# What tree to plant: Looking for something "special" and cold-resistant



## dpoisson (Aug 11, 2010)

Howdy,
We bought our home 2 years ago and are starting to take care of our yard. We're in Quebec City, Quebec. My girlfriend is from the Mauricie region (maple syrup region), so she wanted to get a big sugar maple for the front yard. 

I was thinking about a tree that I'd like and I want something special. At first, I thought about a black walnut, since...we'll, it's awesome wood and my kids could always cut it down in 70 years and have the most perfect lumber for woodworking. But, we're in a different region than those suggested for this kind of tree (a bit too cold up here for them apparently).

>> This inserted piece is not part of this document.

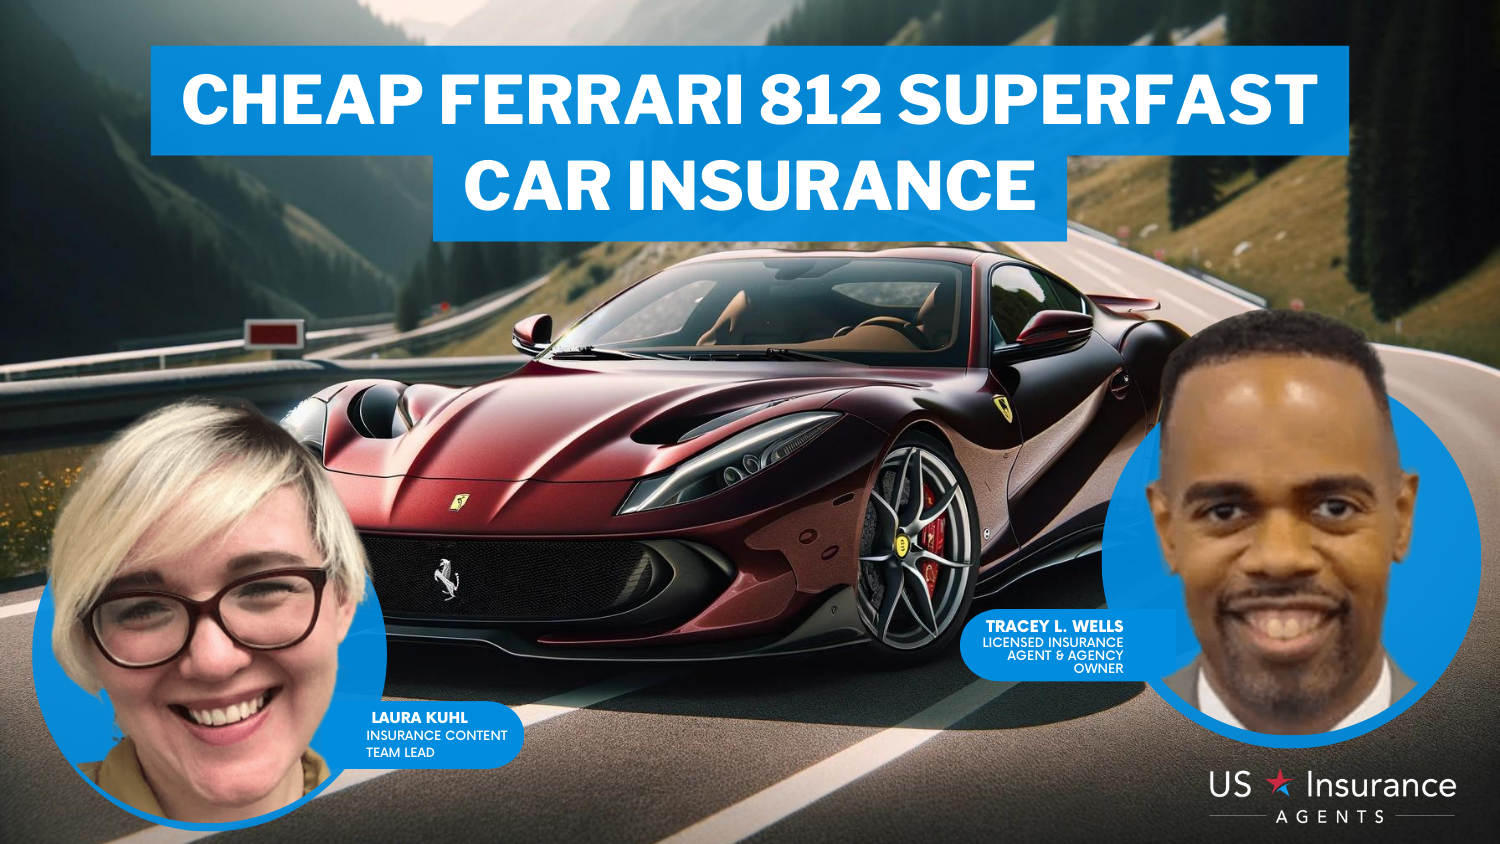 Cheap Ferrari 812 Superfast Car Insurance: AIG, Nationwide, and Travelers

Are there any other trees that would have the same "special touch" (cool lumber tree, possibly a dark wood tree or red'ish tree) that could live in our region? I was also thinking a black cherry tree, but same thing...a bit too cold up here.

Fish

PS: If it were a fruit/nut producing tree as well, it would be awesome! Get some shade in the backyard, have an extra bit of produce from it. By the way, we have a (very) small creek that flows in the back of our yard. It's currently completely dry (it drains the fields close to us), but can get up to 5-6 wide by 2 ft deep in April/May. Also, the soil is a mix of clay at some spots, and good field type earth (they grow wheat or something like that 100 ft from our house, our yard is parallel to a farmer's fields).


----------



## greengerard (Sep 8, 2010)

There are lots of Black Walnuts that survived the Quebec City winters as can be attested by nut producers club here in Quebec. You may want to try Hickory (Carya) as this is a very tasty nut or even Beech has a great tasting nut. Be aware that you will attract squirrel and Jays with these trees


----------